Все это говорит о неком противоречии между мыслью и ее языковым оформлением, о специфической недостаточности логико-грамматических средств — факт, в науке известный, но слишком часто не оставляющий следа в анализе поэтических текстов. Между тем именно оно, это противоречие, преодолевается стихотворной формой, позволяющей привлечь в письменный текст голос как самое эффективное средство преодоления.
Стихотворная речь своим построением, делением на строки, вызывающим определенное изменение в интонации, содействует тому нелогичному соединению смыслов, которое свойственно поэтическому мышлению. “Повторяющаяся звуковая фигура” [Якобсон P.O. Лингвистика и поэтика. // Структурализм: “за” и “против”, М., 1975, с. 205. Пользуясь этим выражением Гопкинса, Якобсон указывает на ритмическую монотонию стихотворной речи. Подробно об этом см.: Невзглядова Е.В. Звучание и значение в стихотворной речи. // Роман Якобсон. Тексты, документы, исследования. М, 1998, 715—724] — что это как не способ соединения смысловых представлений?
Когда Жолковский противопоставляет два минималистских стиля — инфинитивный и назывной — по признаку “там” и “здесь”, он рассматривает семантику этих грамматических форм — рассматривает фразы, изъятые из стихотворного контекста. Фетовское “Это утро, радость эта, / Эта мощь и дня и света, / Этот синий свод...” (назывной стиль) не в меньшей степени выражает виртуальное инобытие субъекта, чем его же “Я пришел к тебе с приветом...” (инфинитивный стиль) с анафорическим “рассказать”, которое исследователь приводит в качестве типичного примера ИП. Полагаю, что пространные объяснения тут излишни: ритмическая монотония, то есть интонационная взволнованность этой речи, говорит сама за себя, отсылая к поэтическому инобытию.
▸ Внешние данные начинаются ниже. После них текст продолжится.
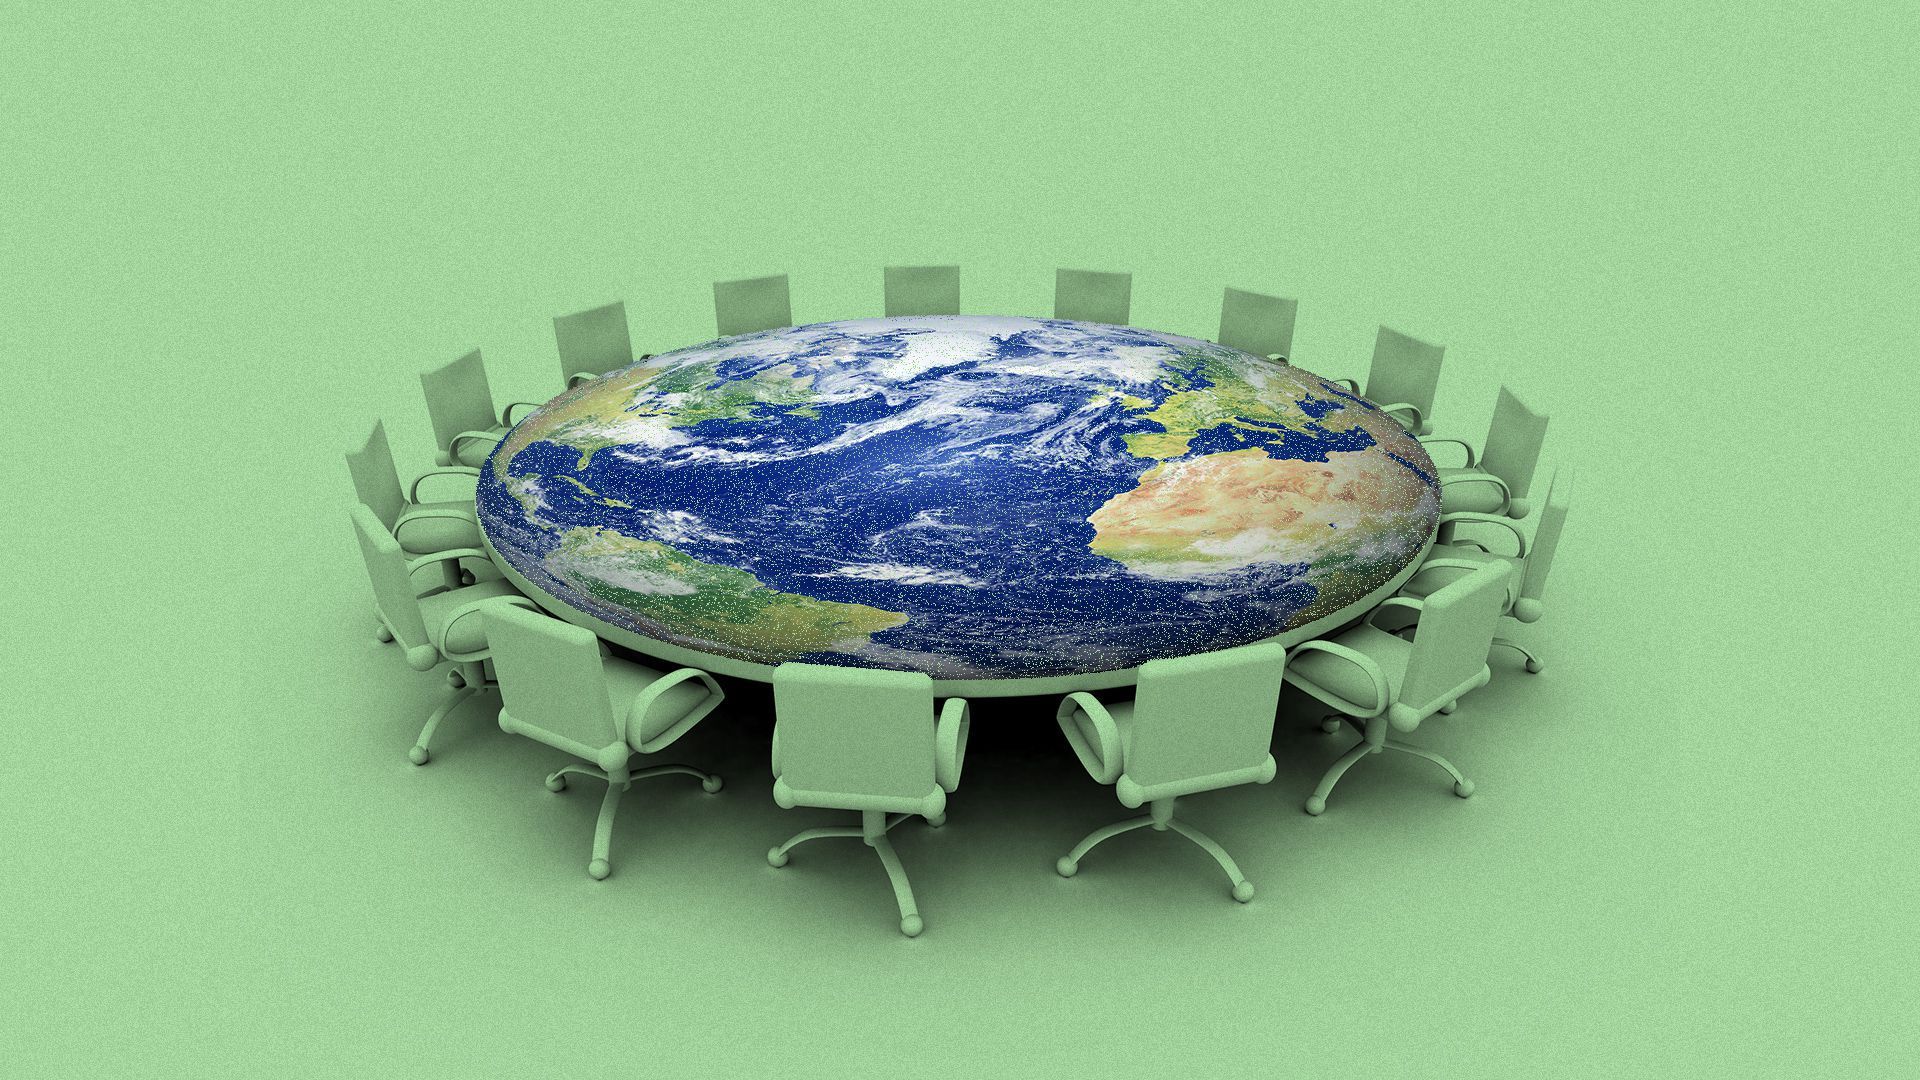 Green chairs around a world table

Чтобы это почувствовать, достаточно сравнить назывные конструкции Фета с подобными им прозаическими предложениями, что-нибудь такое: Это утро и эта радость запомнились мне особенно. Или просто произнести фетовские стихи с нестиховой интонацией обычного прозаического перечисления типа: этот дом, это дерево, эта улица, этот город (допустим: все было разрушено войной).